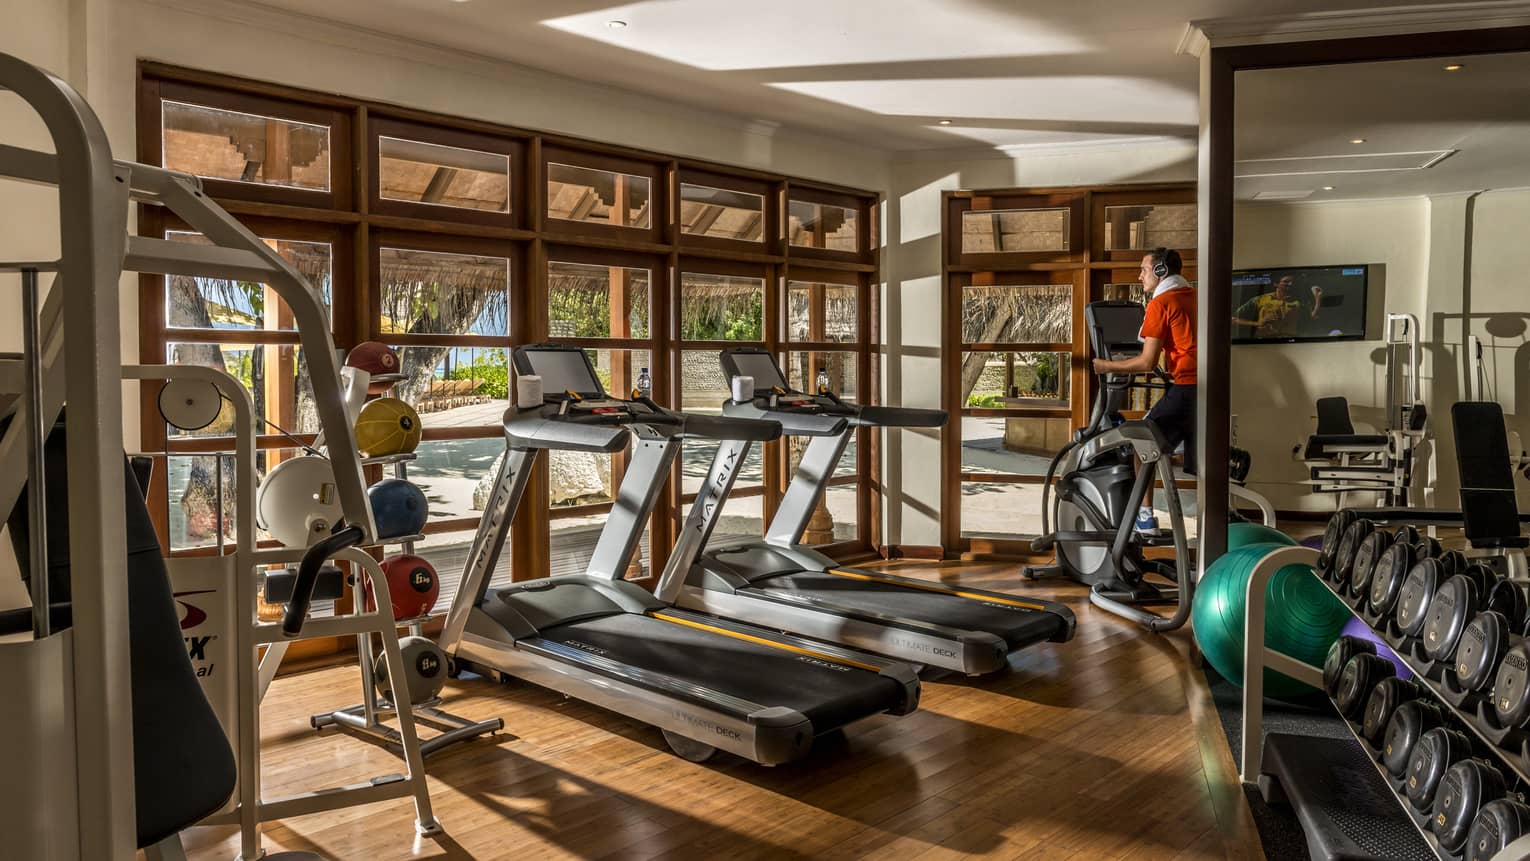 Gym with wooden floors, two treadmills, person on elliptical, free wights, windows looking out to beach
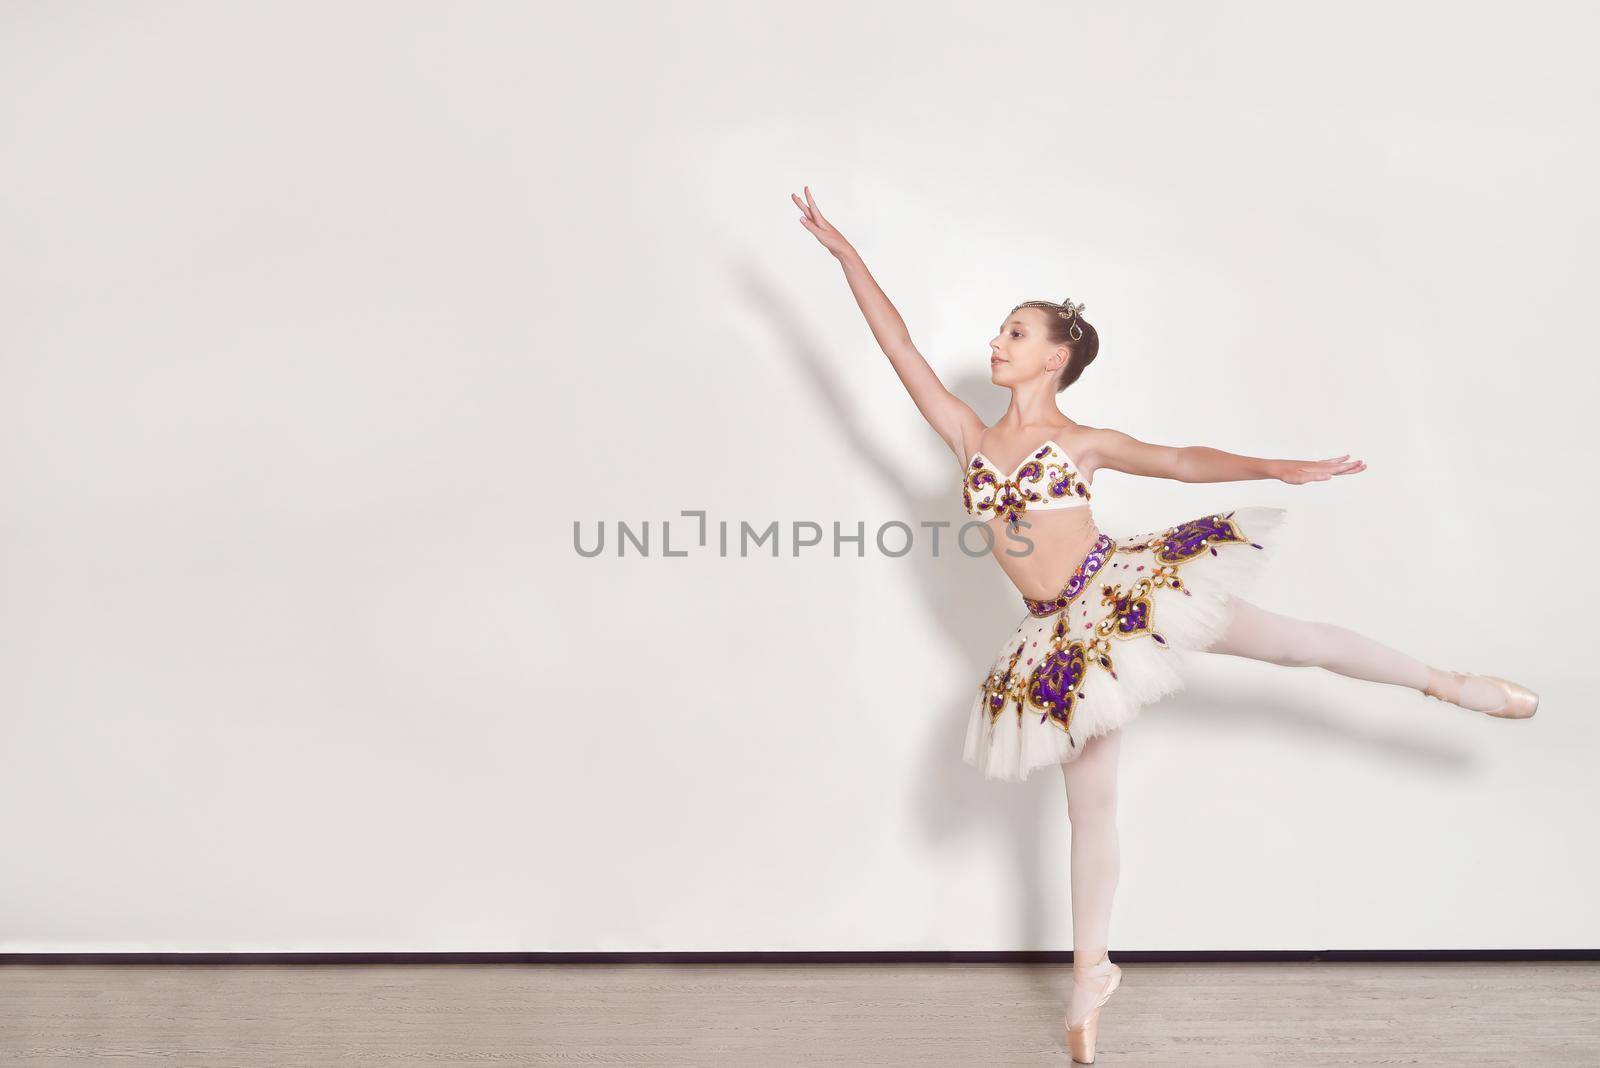 A young ballerina performs ballet exercises in the studio against a white background
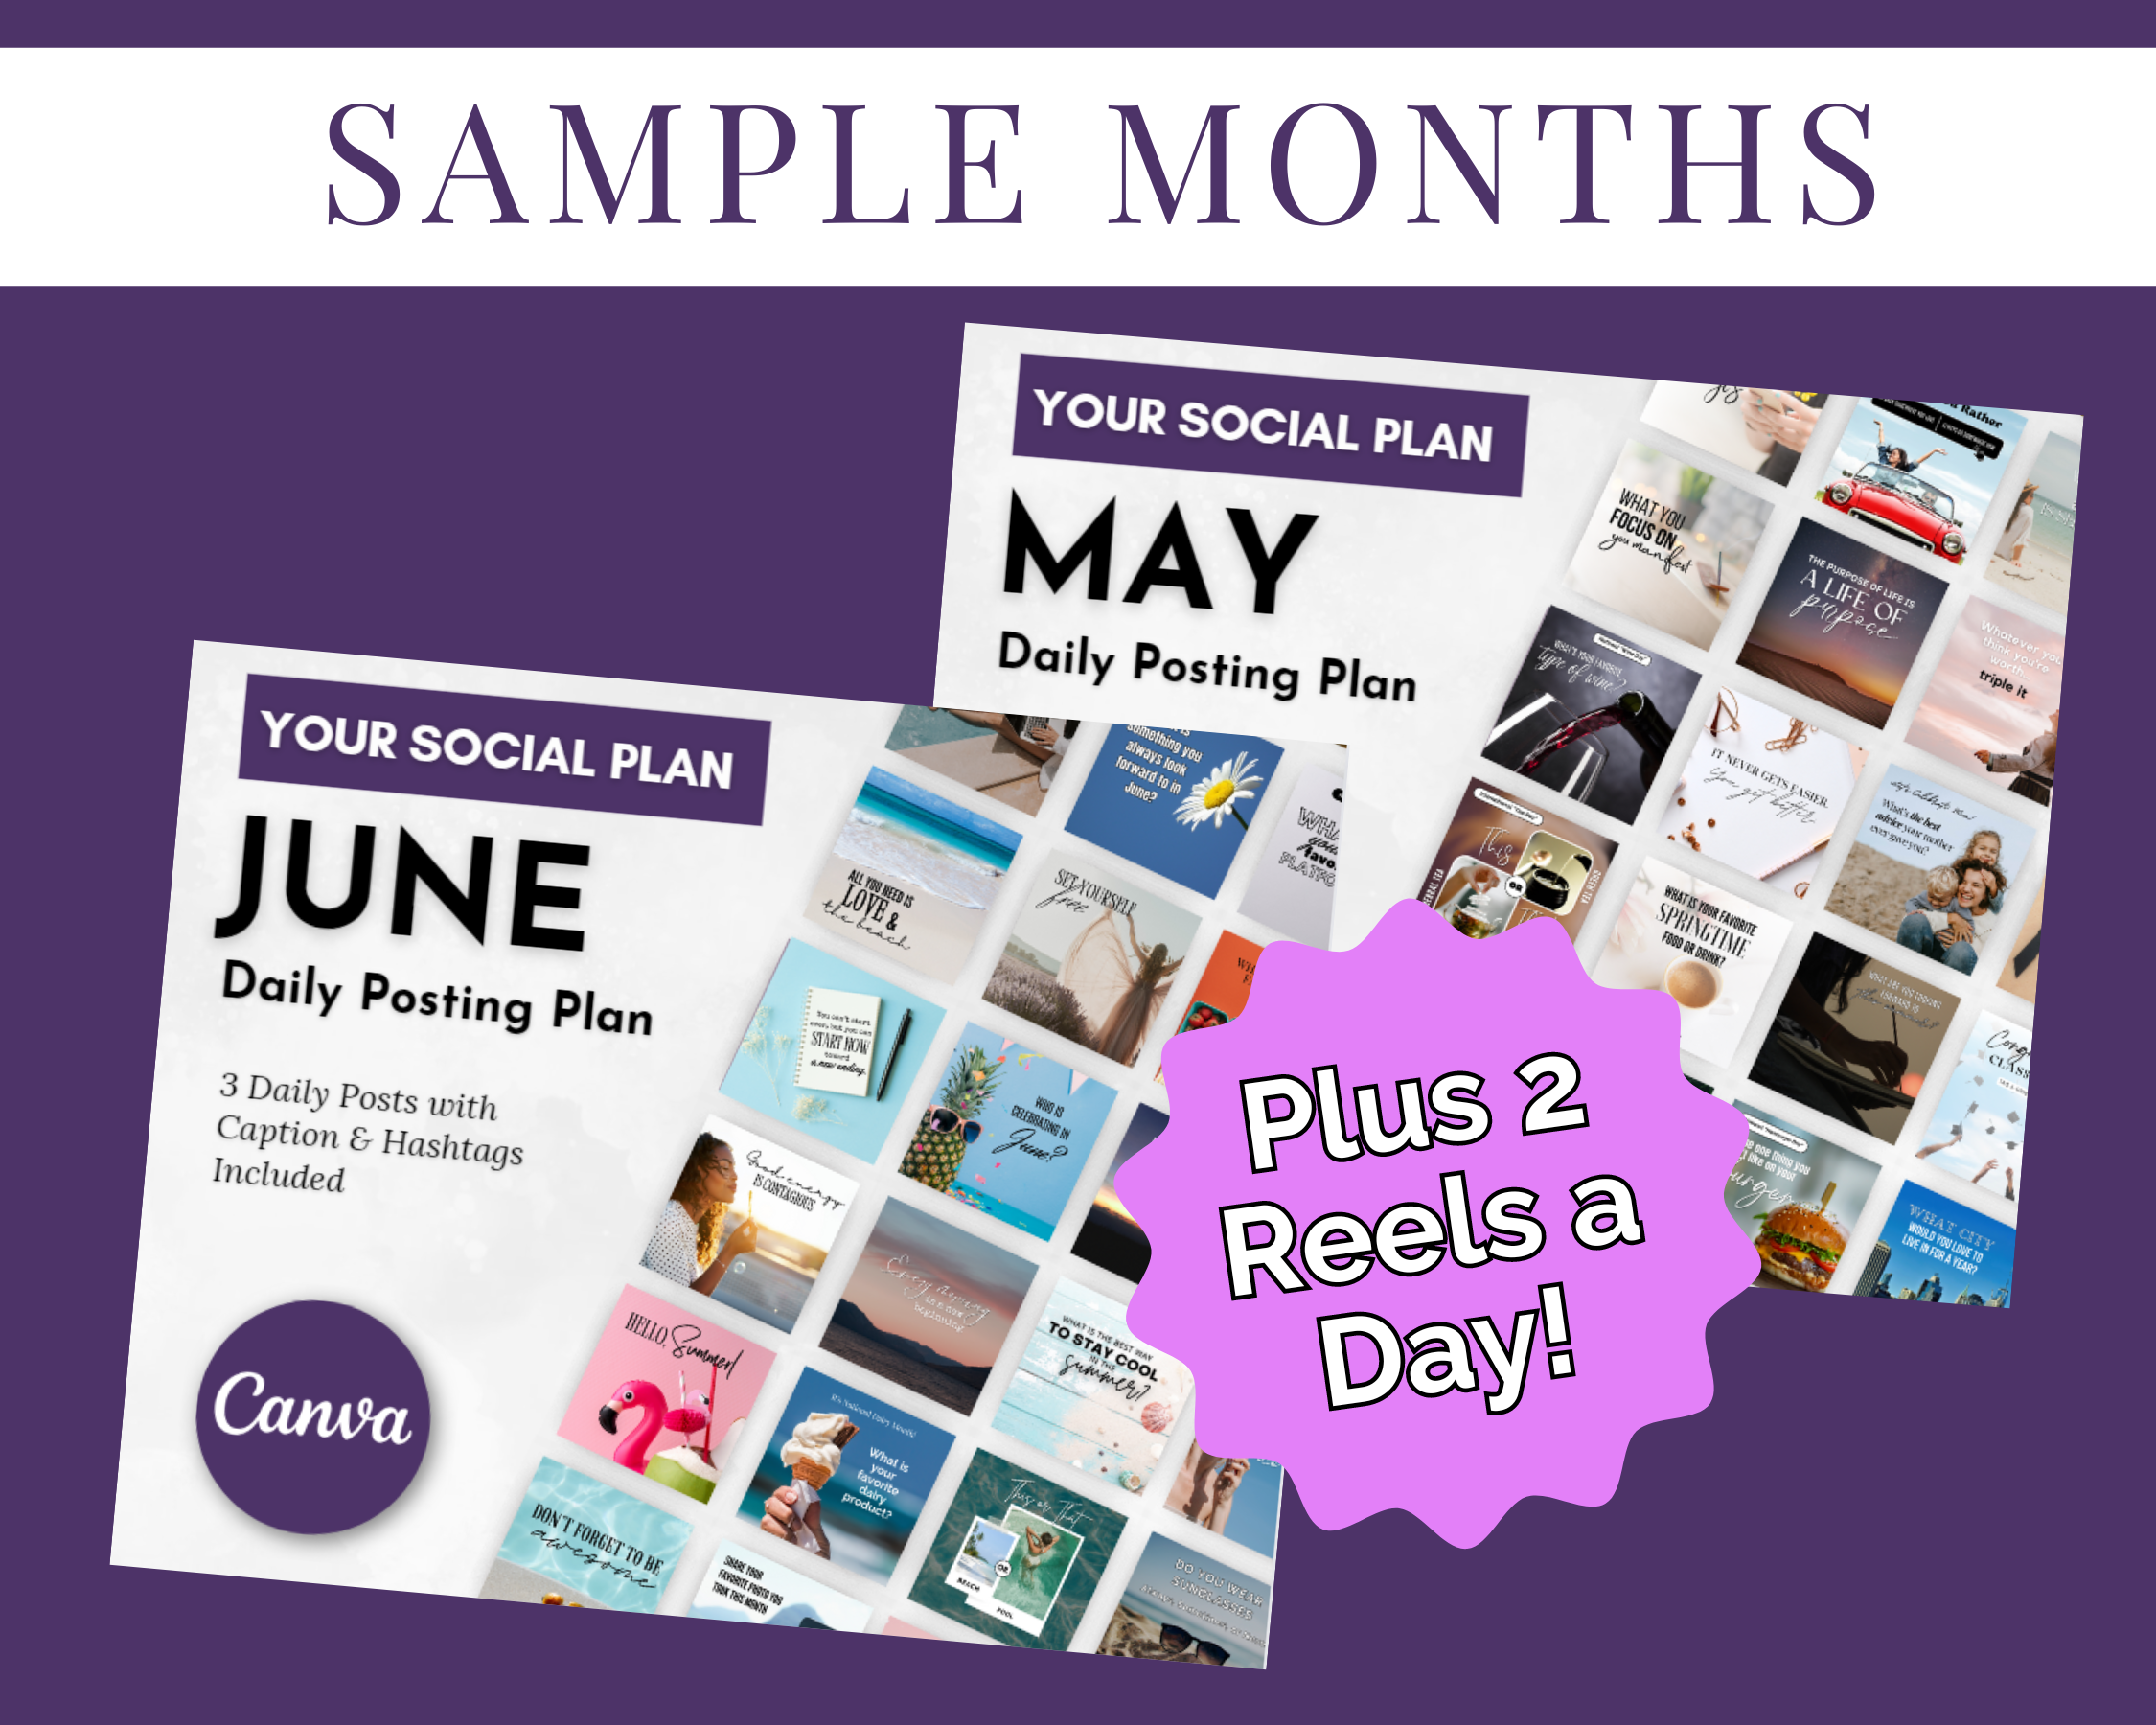 Promotional graphic showing a daily posting plan for May and June, featuring three daily posts and two reels a day, packed with done-for-you content perfect for business-building prompts from Your Social Plan Content Membership by Get Socially Inclined.
= = = = =
● **TRY IT**
The reply should hold every line of the material above, unchanged, and no pictures.

● **TASK RESULT**
 Gym with wooden floors, two treadmills, person on elliptical, free wights, windows looking out to beach
 A young ballerina performs ballet exercises in the studio against a white background
 Promotional graphic showing a daily posting plan for May and June, featuring three daily posts and two reels a day, packed with done-for-you content perfect for business-building prompts from Your Social Plan Content Membership by Get Socially Inclined.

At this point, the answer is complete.